Reputation: 11
val url = "jdbc:sqlserver://XXXXXX"
val properties = new Properties
// properties.setProperty(JDBCOptions.JDBC_PUSHDOWN_PREDICATE, "false") add but still not work
val df = spark.read.jdbc(url, "movies", properties)
df.filter("rated == true").show()
The code is quite simple. And it will fail with error
Job aborted due to stage failure. Caused by: SQLServerException: Invalid column name 'true'.

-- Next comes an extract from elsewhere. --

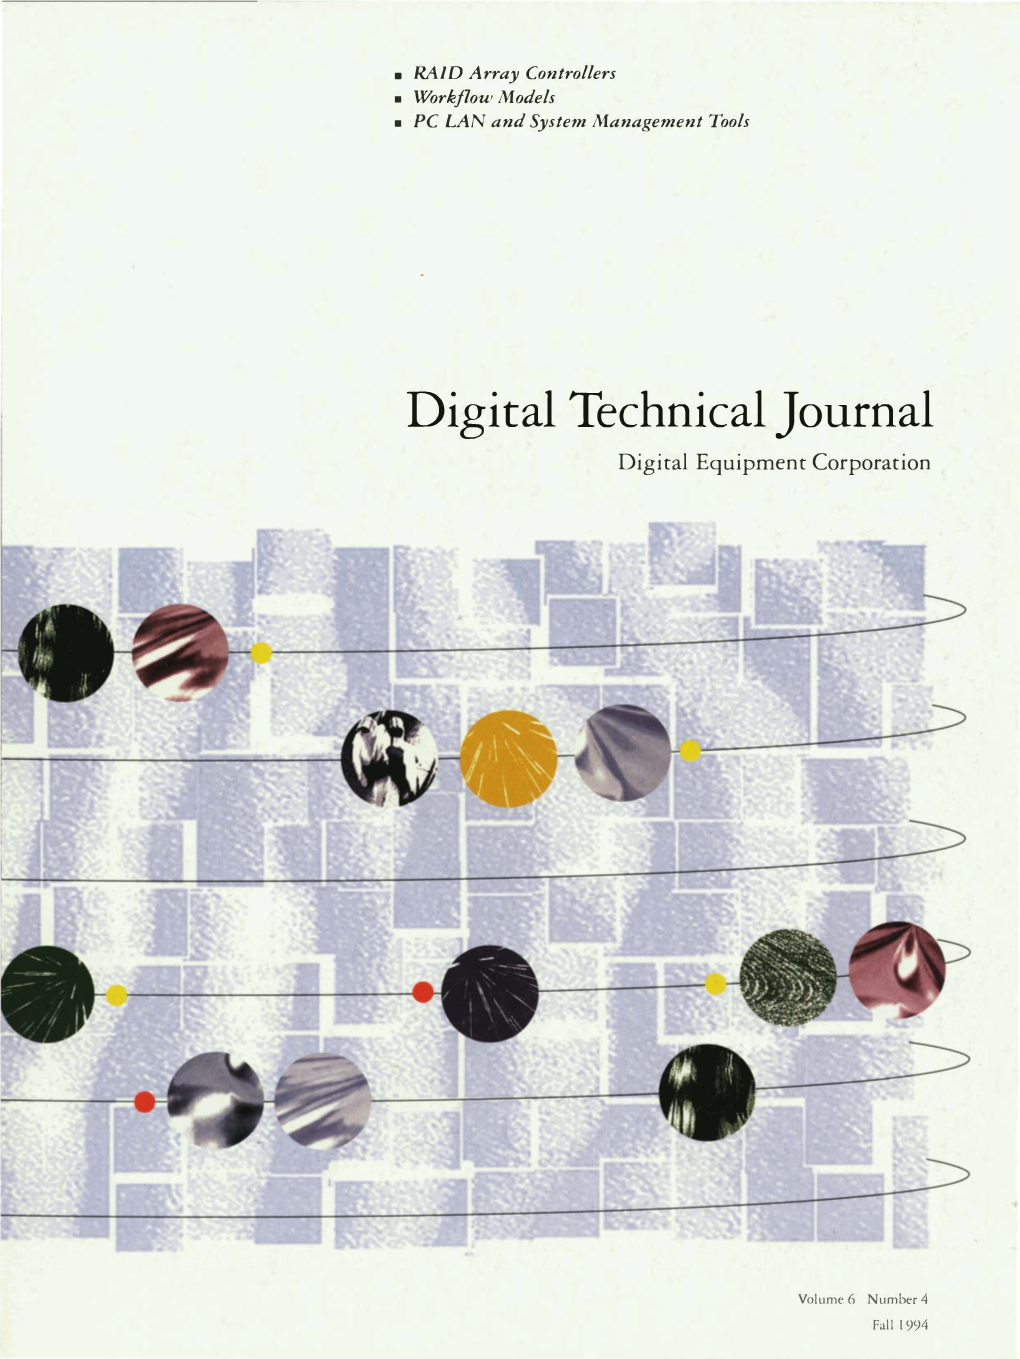 Digital Technical Journal, Volume 6, Number 4

The table is in SQL Server and the table schema is
CREATE TABLE [dbo].[movies](
[movieId] [int] NULL,
[title] [nvarchar](max) NULL,
[releaseDate] [date] NULL,
[rated] [bit] NULL,
[screenedOn] [datetime2](7) NULL,
[ticketPrice] [decimal](10, 2) NULL
)
Using code in JDBCUtils and JDBCDialect, the 'bit' type will be translated to BooleanType, which is good. However the filter logic is pushdown to JDBCRDD, and due to code defect in MsSqlServerDialect compileValue() method, the where clause doesn't change boolean value to '1' and '0' to match the TSQL in SQL server which caused such error. And even if I write a new dialect, due to AggregatedDialect didn't overwrite compileValue() to loop all contained dialect, it still fails. That's is something I think need to be fixed from current Spark code.

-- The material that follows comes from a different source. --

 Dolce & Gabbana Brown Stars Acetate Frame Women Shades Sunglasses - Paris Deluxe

And my question is, from doc there is one 'pushDownPredicate' option to control whether to let filter logic push down to where clause.
pushDownPredicate The option to enable or disable predicate push-down into the JDBC data source. The default value is true, in which case Spark will push down filters to the JDBC data source as much as possible. Otherwise, if set to false, no filter will be pushed down to the JDBC data source and thus all filters will be handled by Spark. Predicate push-down is usually turned off when the predicate filtering is performed faster by Spark than by the JDBC data source.

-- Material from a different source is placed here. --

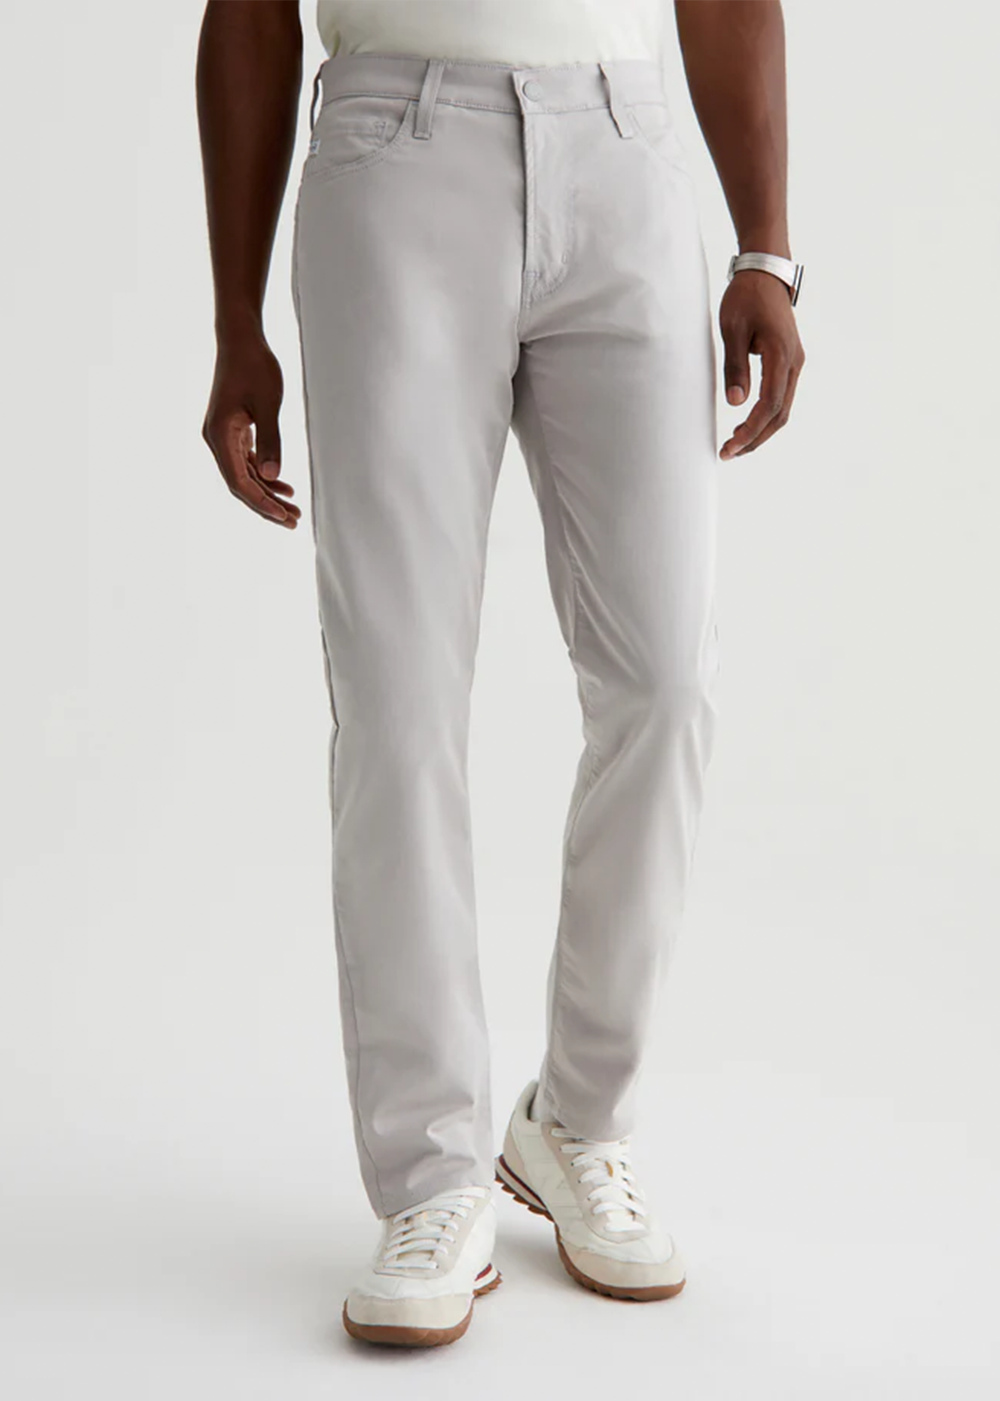 Tellis Modern Slim Pant - Mosaic Grey - AG Jeans Canada - Danali -  1783CMPMOGY

But even if I set properties.setProperty(JDBCOptions.JDBC_PUSHDOWN_PREDICATE, "false") it still fails with the same error. I wonder how pushDownPredicate work in spark.jdbc and do I understand correctly 'pushDownPredicate' is able to prevent filter push down to jdbcrdd.
Here is related logical plan:
Project +- Filter (isnotnull(rated#91) && (cast(rated#91 as string) = true)) +- Relation[movieId#88,title#89,releaseDate#90,rated#91,screenedOn#92,ticketPrice#93] JDBCRelation(dbo.[movies]) [numPartitions=1]
Upvotes: 0
Views: 682
Reputation: 11
We had this issue moving from databricks V9 to 10. We were using pyspark but including {"pushDownPredicate":"false"} to the config file solved it for us.
properties =
{
"user": jdbcUsername,
"password":jdbcPassword,
"driver":driver,
"pushDownPredicate":"false"
}
spark.read.jdbc(url=url, table=controltable, properties=properties) \
Upvotes: 1